🤖 AI Summary
To address the challenge of jointly modeling graph structure, user behavioral sequences, and multimodal content signals in large-scale, multi-entity heterogeneous graphs (e.g., Pinterest), this paper proposes the first industrial-grade unified representation learning framework. Methodologically, it introduces a multi-task contrastive learning mechanism that synergistically integrates graph neural networks, sequential modeling, and multimodal content encoders; additionally, it develops a scalable distributed graph computation system enabling efficient training and inference on graphs with up to ten billion nodes. Key contributions include: (1) the first heterogeneous multi-view contrastive learning paradigm, and (2) end-to-end joint optimization of cross-modal and cross-task representations. Experiments demonstrate that the learned universal representations significantly enhance user experience—yielding a 2.5% site-wide repin rate improvement—and the framework has been deployed across five core production applications.
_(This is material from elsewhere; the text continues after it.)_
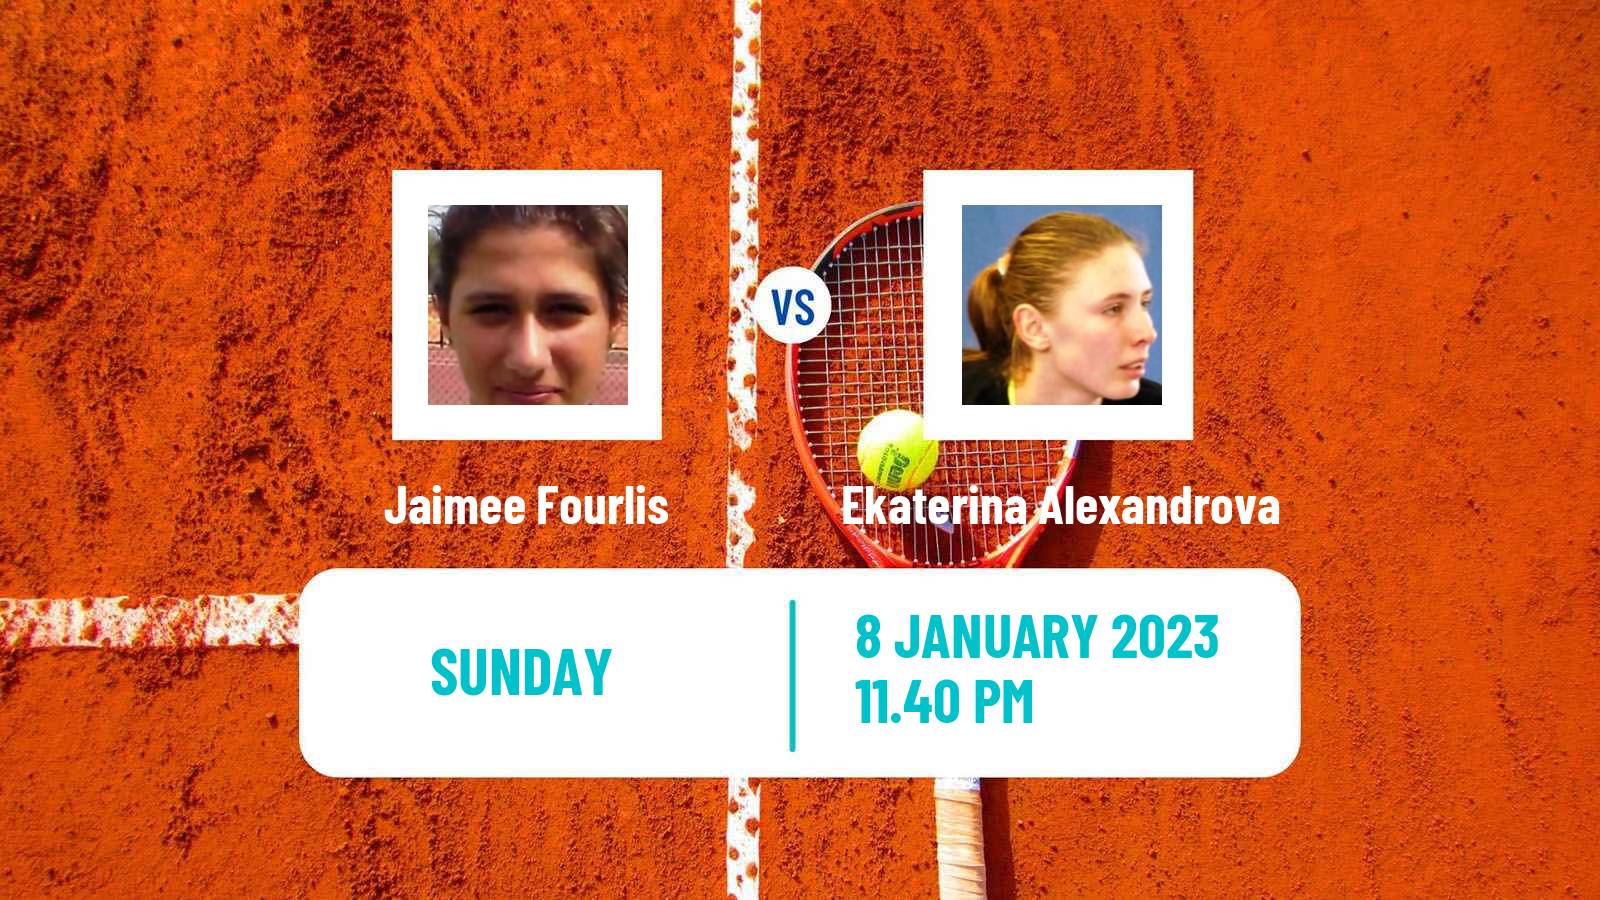 Tennis WTA Adelaide 2 Jaimee Fourlis - Ekaterina Alexandrova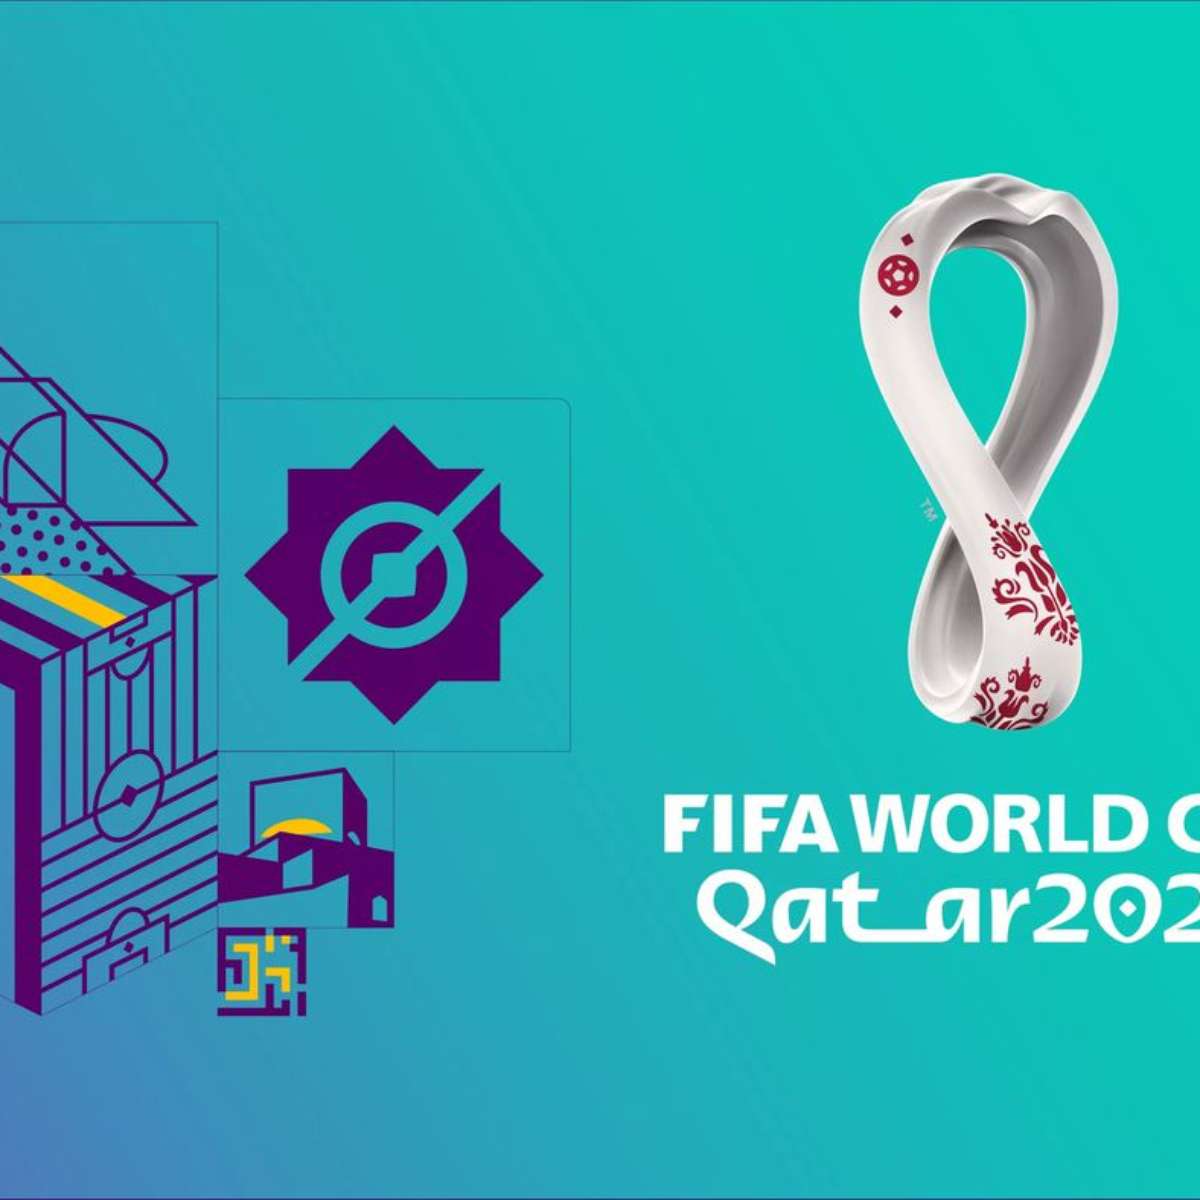 Bolão da Copa 2022: conheça 4 apps gratuitos para fazer suas apostas, Tecnologia

The code will be open-sourced.
📝 Abstract
Representation learning, a task of learning latent vectors to represent entities, is a key task in improving search and recommender systems in web applications. Various representation learning methods have been developed, including graph-based approaches for relationships among entities, sequence-based methods for capturing the temporal evolution of user activities, and content-based models for leveraging text and visual content. However, the development of a unifying framework that integrates these diverse techniques to support multiple applications remains a significant challenge. This paper presents OmniSage, a large-scale representation framework that learns universal representations for a variety of applications at Pinterest. OmniSage integrates graph neural networks with content-based models and user sequence models by employing multiple contrastive learning tasks to effectively process graph data, user sequence data, and content signals. To support the training and inference of OmniSage, we developed an efficient infrastructure capable of supporting Pinterest graphs with billions of nodes. The universal representations generated by OmniSage have significantly enhanced user experiences on Pinterest, leading to an approximate 2.5% increase in sitewide repins (saves) across five applications. This paper highlights the impact of unifying representation learning methods, and we will open source the OmniSage code by the time of publication.